──────── Dataset extract

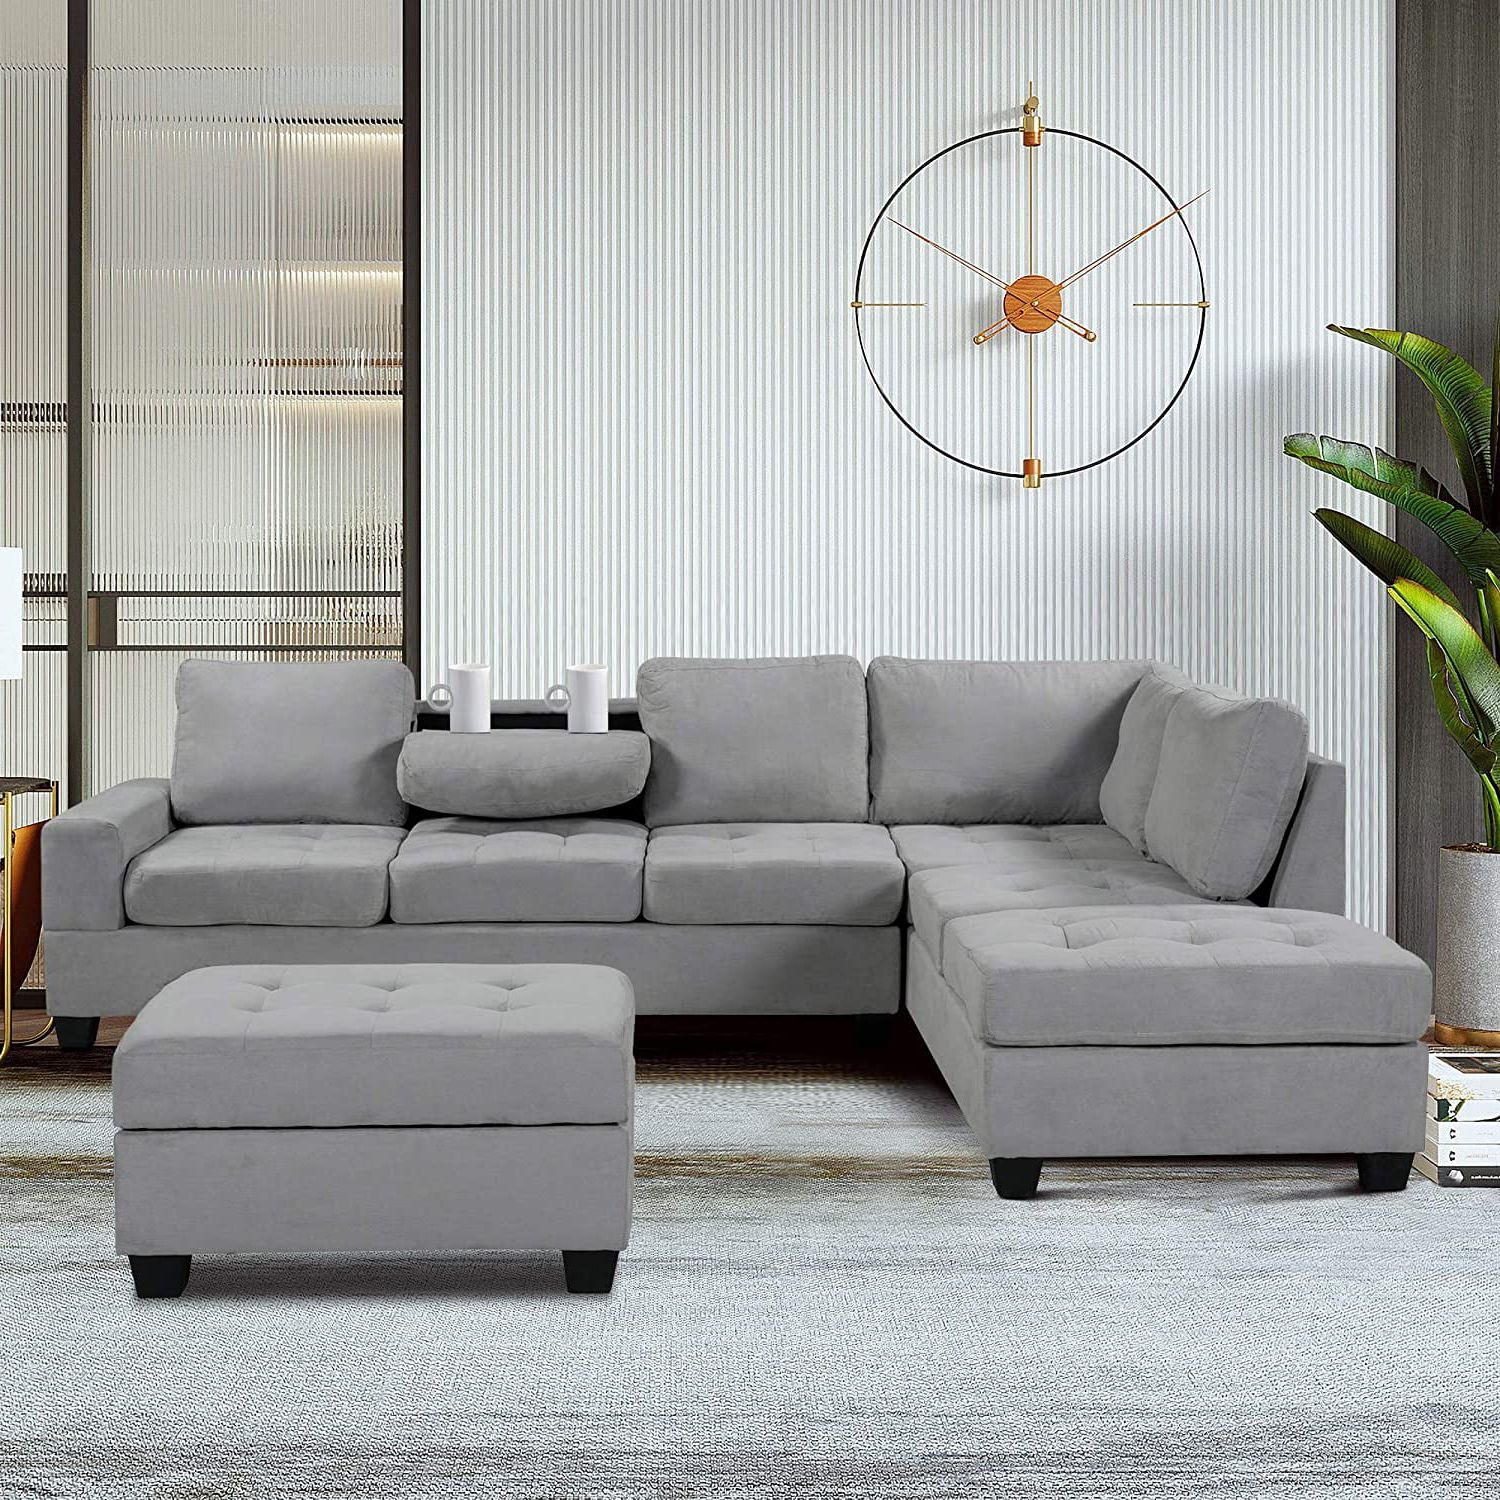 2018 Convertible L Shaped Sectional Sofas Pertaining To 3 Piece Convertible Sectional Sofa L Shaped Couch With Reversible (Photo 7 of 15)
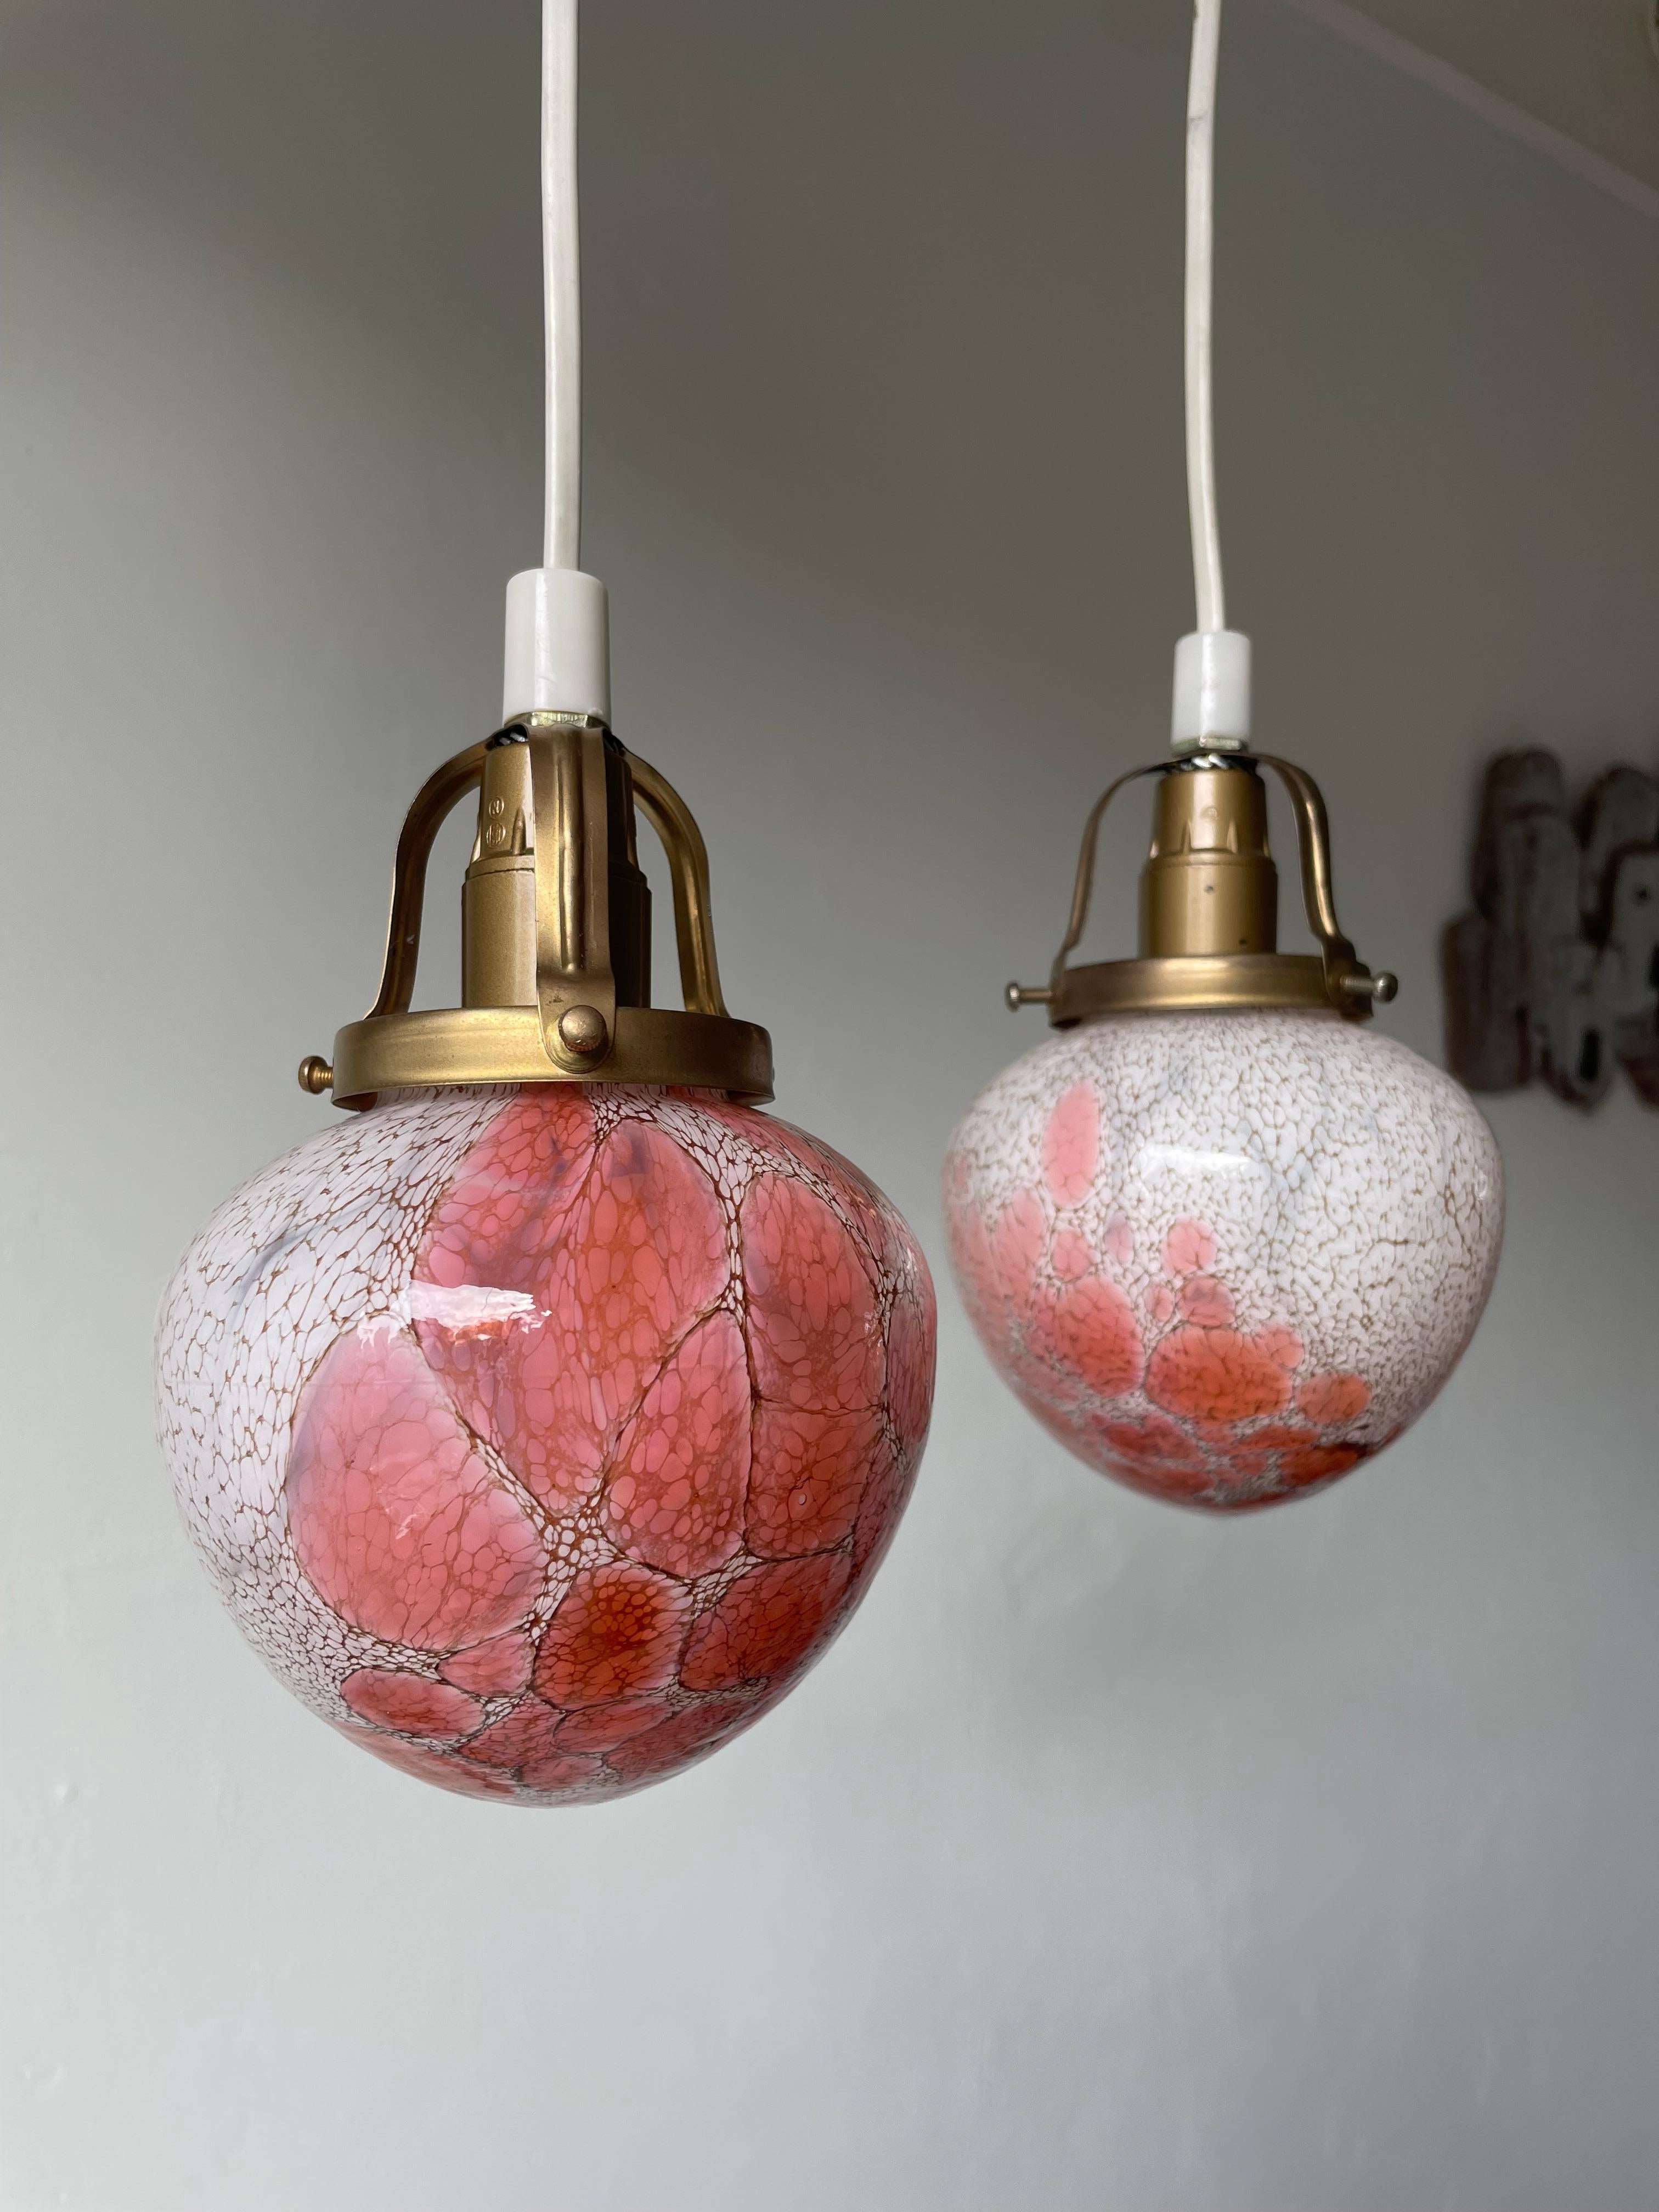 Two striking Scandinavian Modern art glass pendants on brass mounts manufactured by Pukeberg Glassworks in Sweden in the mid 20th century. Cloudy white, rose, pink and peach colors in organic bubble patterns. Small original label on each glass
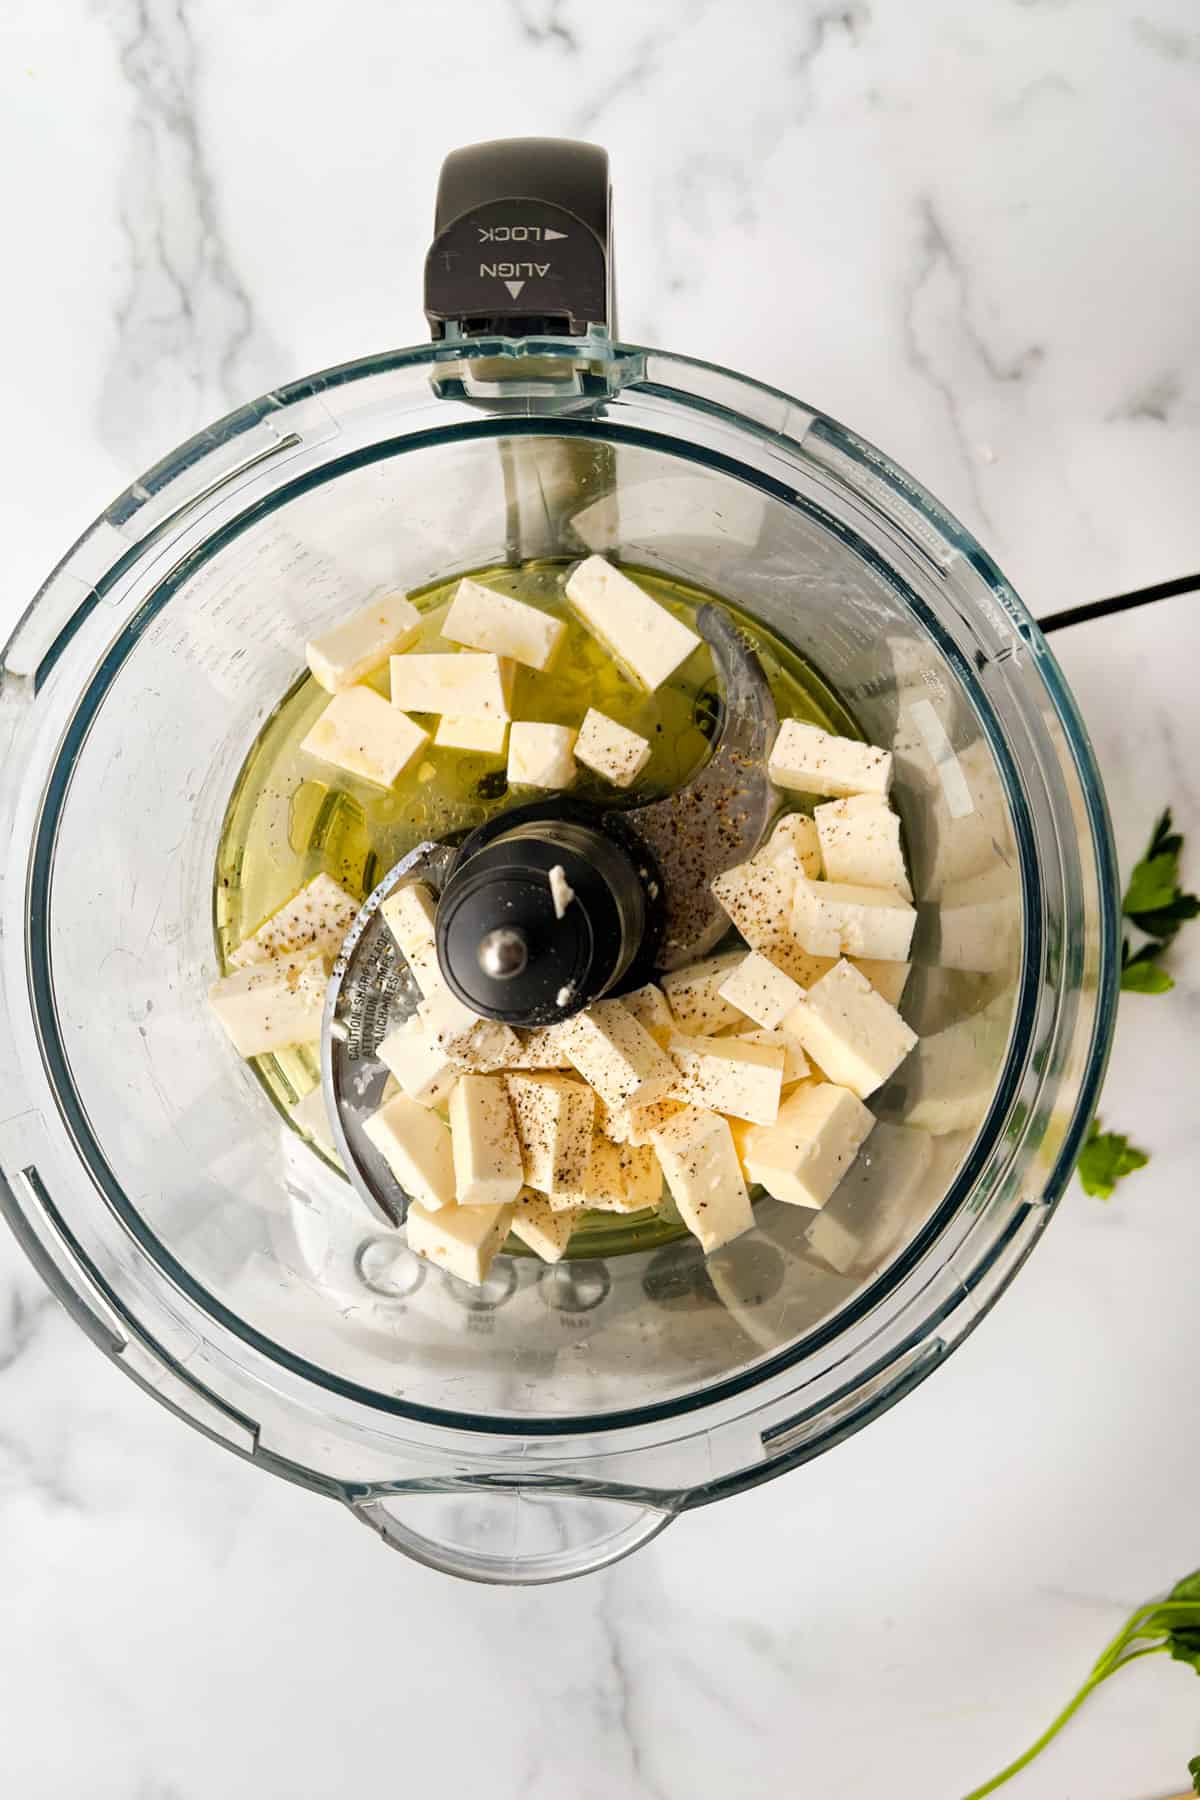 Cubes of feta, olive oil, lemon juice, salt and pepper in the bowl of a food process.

────────────────

=== Assignment ===
The data above should be returned in full, exactly as written, apart from its images.

=== Solution to this problem ===
 2018 Convertible L Shaped Sectional Sofas Pertaining To 3 Piece Convertible Sectional Sofa L Shaped Couch With Reversible (Photo 7 of 15)
 Two striking Scandinavian Modern art glass pendants on brass mounts manufactured by Pukeberg Glassworks in Sweden in the mid 20th century. Cloudy white, rose, pink and peach colors in organic bubble patterns. Small original label on each glass
 Cubes of feta, olive oil, lemon juice, salt and pepper in the bowl of a food process.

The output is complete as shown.